Kamran Abdullah Bin, Khalil Ahmed Bazil Bin, Muhammad Ayesha, Arshad Hira, Nazir Fatima, Ali Muhammad Mateen, Umar M Mairaj, Farhan Muhammad, Alam Sudhair, Iqbal Javed
Rawalpindi Medical University, Rawalpindi, Pakistan.
Shaheed Mohtarma Benazir Bhutto Medical College, Lyari, Pakistan.
Brain Behav. 2025 Jun;15(6):e70508. doi: 10.1002/brb3.70508.
Acute ischemic stroke (AIS) is a leading cause of morbidity and mortality globally. Standard antiplatelet therapies, while partially effective, do not fully inhibit all pathways of platelet aggregation, leaving patients at risk of recurrent thrombotic events. Tirofiban, a glycoprotein IIb/IIIa receptor inhibitor, has shown promise as an adjunctive treatment in AIS.
A comprehensive search was conducted in PubMed, ClinicalTrials.gov, and Cochrane library from inception to July 2024, following PRISMA guidelines. Inclusion criteria comprised randomized controlled trials (RCTs) and comparative observational studies where tirofiban was used as an adjunct to standard antiplatelet therapy. Primary outcomes included symptomatic intracranial hemorrhage (sICH) and favorable modified Rankin scale (mRS) scores at 90 days. Secondary outcomes included National Institute of Health Stroke Scale (NIHSS) scores and all-cause mortality. Data was analyzed using Review Manager v5.4.1, with random-effects models employed for all outcomes.

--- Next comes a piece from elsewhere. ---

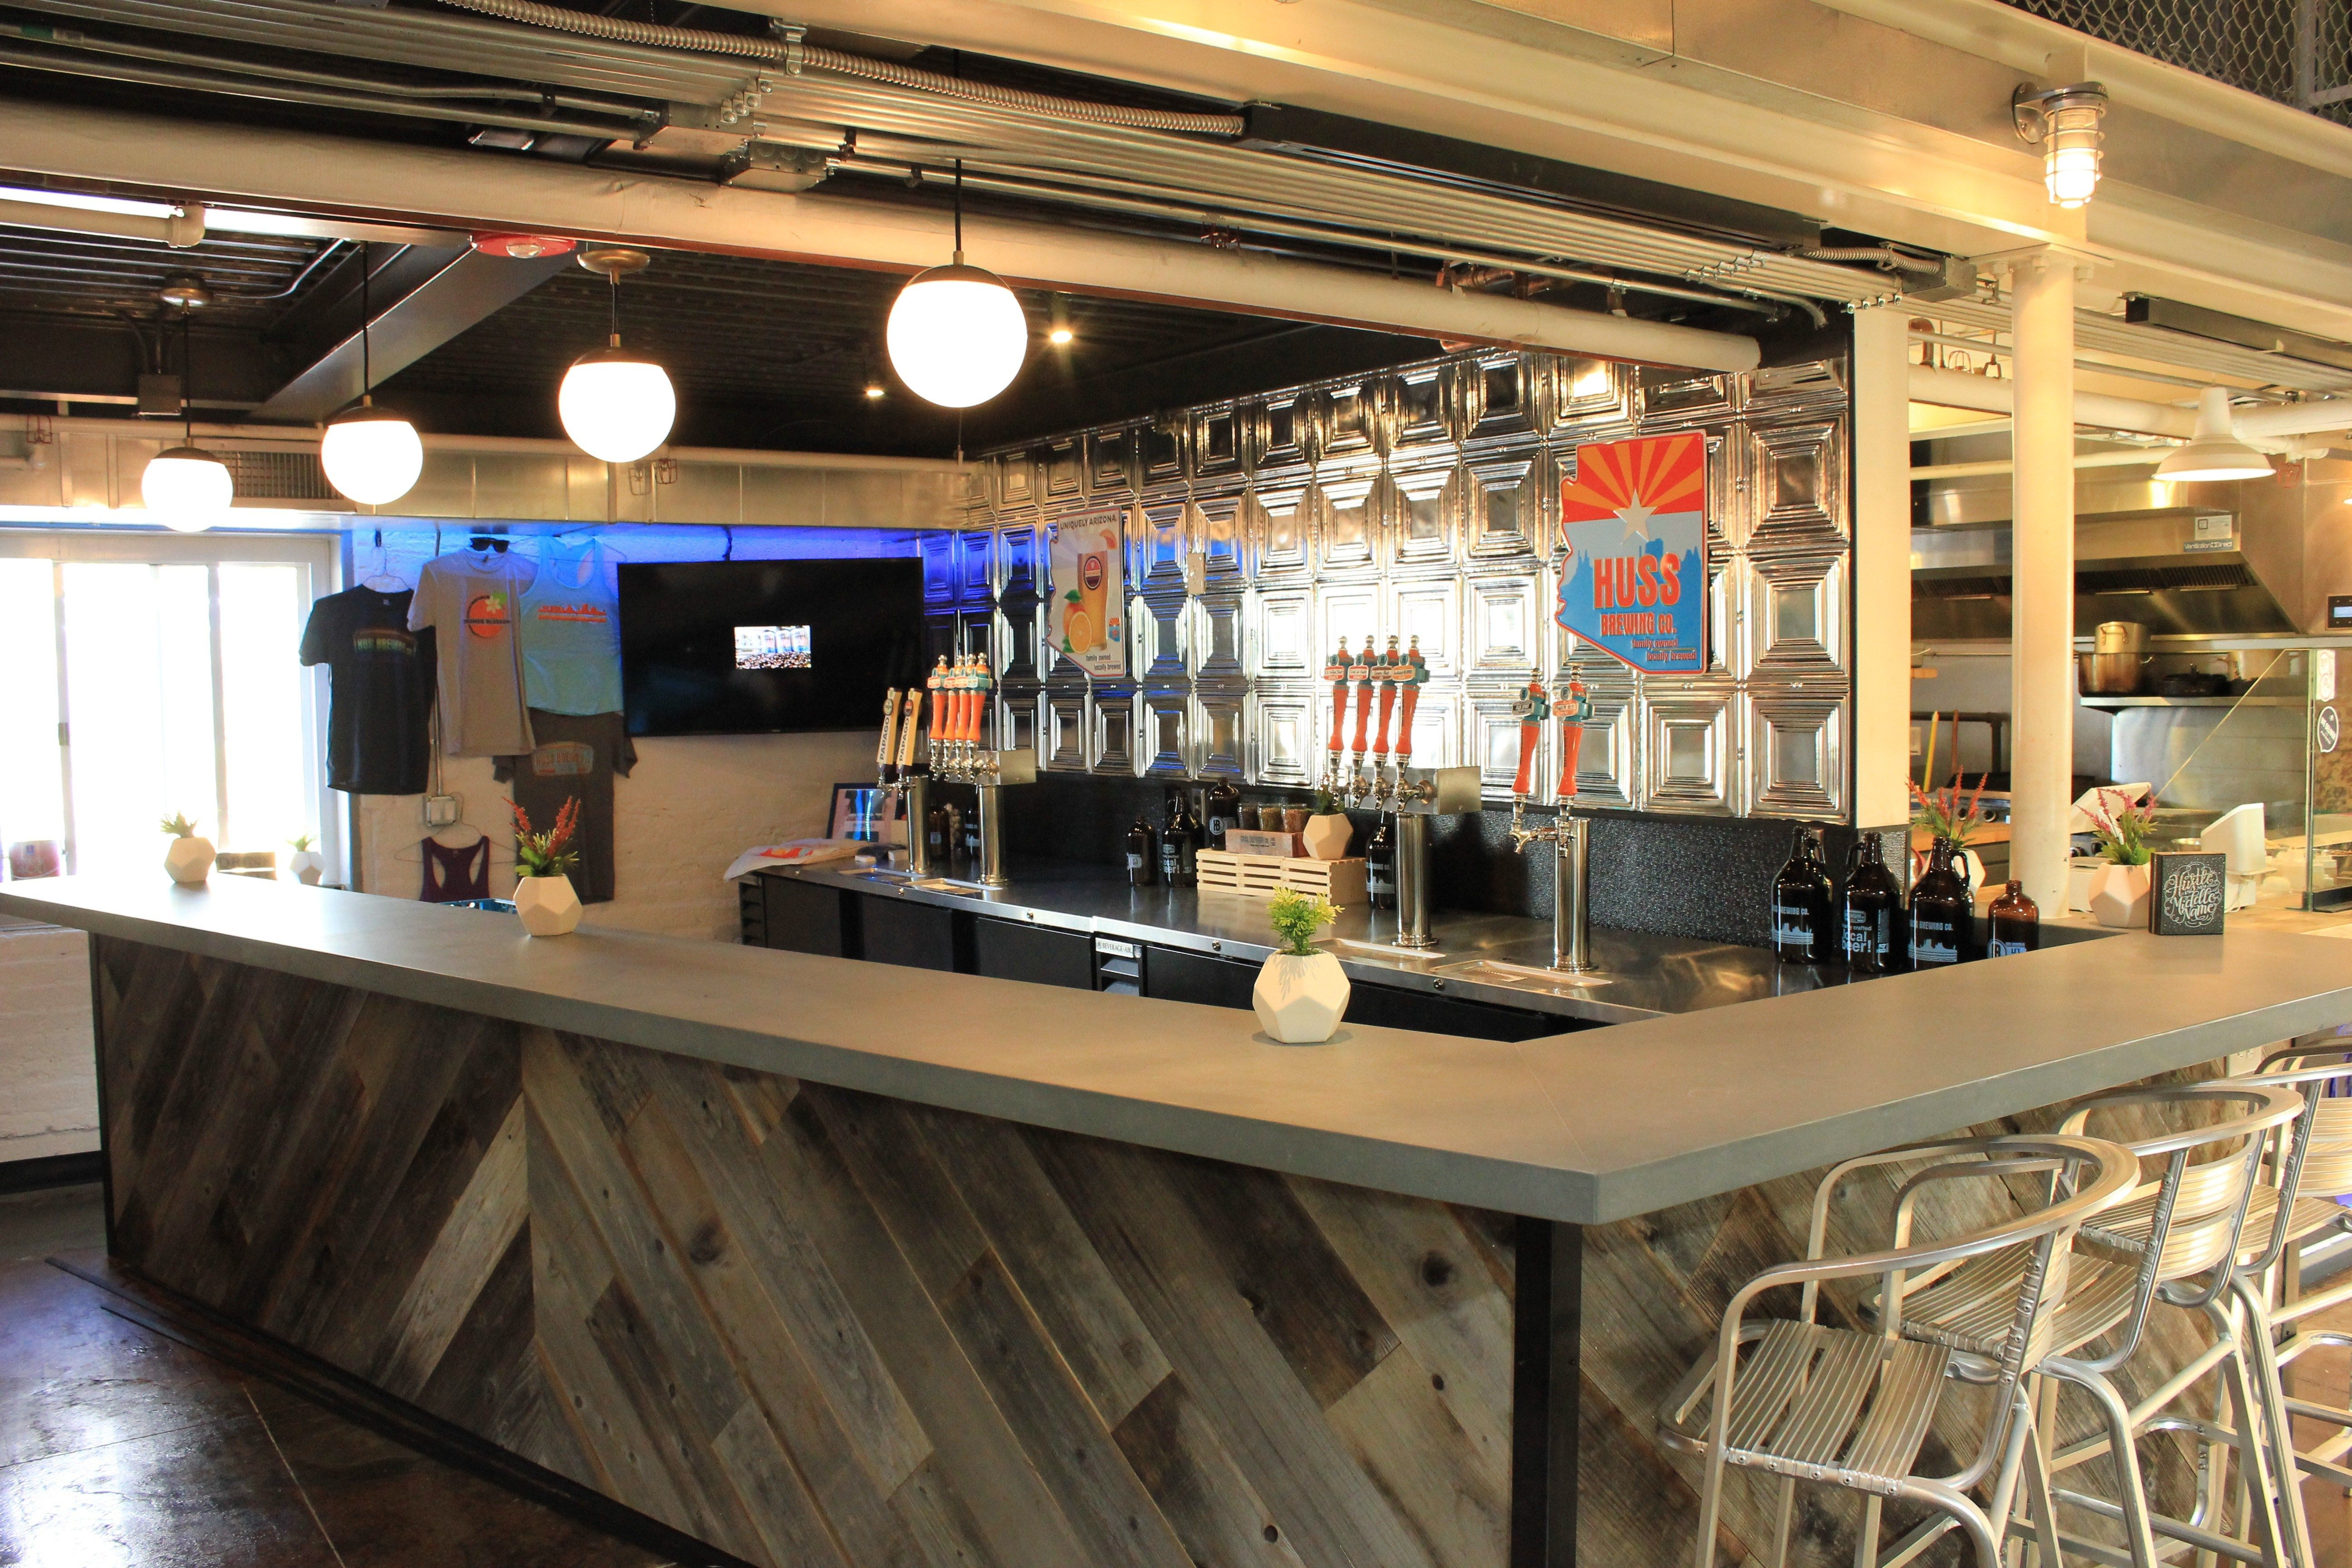 Desoto market in phoenix kicks off brewery popup series

Fifteen studies, comprising 4,457 patients, were included. Tirofiban significantly improved the likelihood of achieving favorable mRS scores (OR 1.65, 95% CI [1.29, 2.11], p = 0.0001), with moderate heterogeneity (I = 57%, p = 0.006). Tirofiban also significantly reduced NIHSS scores (MD -2.08, 95% CI [-2.77, -1.39], p < 0.00001). There was no significant difference in the incidence of sICH between the tirofiban and control groups.
Tirofiban as an adjunct to standard antiplatelet therapy in AIS patients significantly improves functional outcomes and reduces neurological impairment without increasing the risk of sICH.
急性缺血性卒中(AIS)是全球发病和死亡的主要原因。标准抗血小板治疗虽有部分疗效,但不能完全抑制血小板聚集的所有途径,使患者有复发性血栓事件的风险。替罗非班是一种糖蛋白IIb/IIIa受体抑制剂,已显示出作为AIS辅助治疗的潜力。
按照PRISMA指南,从创刊至2024年7月在PubMed、ClinicalTrials.gov和Cochrane图书馆进行了全面检索。纳入标准包括将替罗非班用作标准抗血小板治疗辅助药物的随机对照试验(RCT)和比较观察性研究。主要结局包括90天时的症状性颅内出血(sICH)和改良Rankin量表(mRS)良好评分。次要结局包括美国国立卫生研究院卒中量表(NIHSS)评分和全因死亡率。使用Review Manager v5.4.1进行数据分析,所有结局均采用随机效应模型。
纳入15项研究,共4457例患者。替罗非班显著提高了获得良好mRS评分的可能性(OR 1.65,95%CI[1.29,2.11],p = 0.0001),异质性中等(I² = 57%,p = 0.006)。替罗非班还显著降低了NIHSS评分(MD -2.08,95%CI[-2.77,-1.39],p < 0.00001)。替罗非班组和对照组之间sICH的发生率没有显著差异。
在AIS患者中,替罗非班作为标准抗血小板治疗的辅助药物可显著改善功能结局并减少神经功能损害,而不会增加sICH的风险。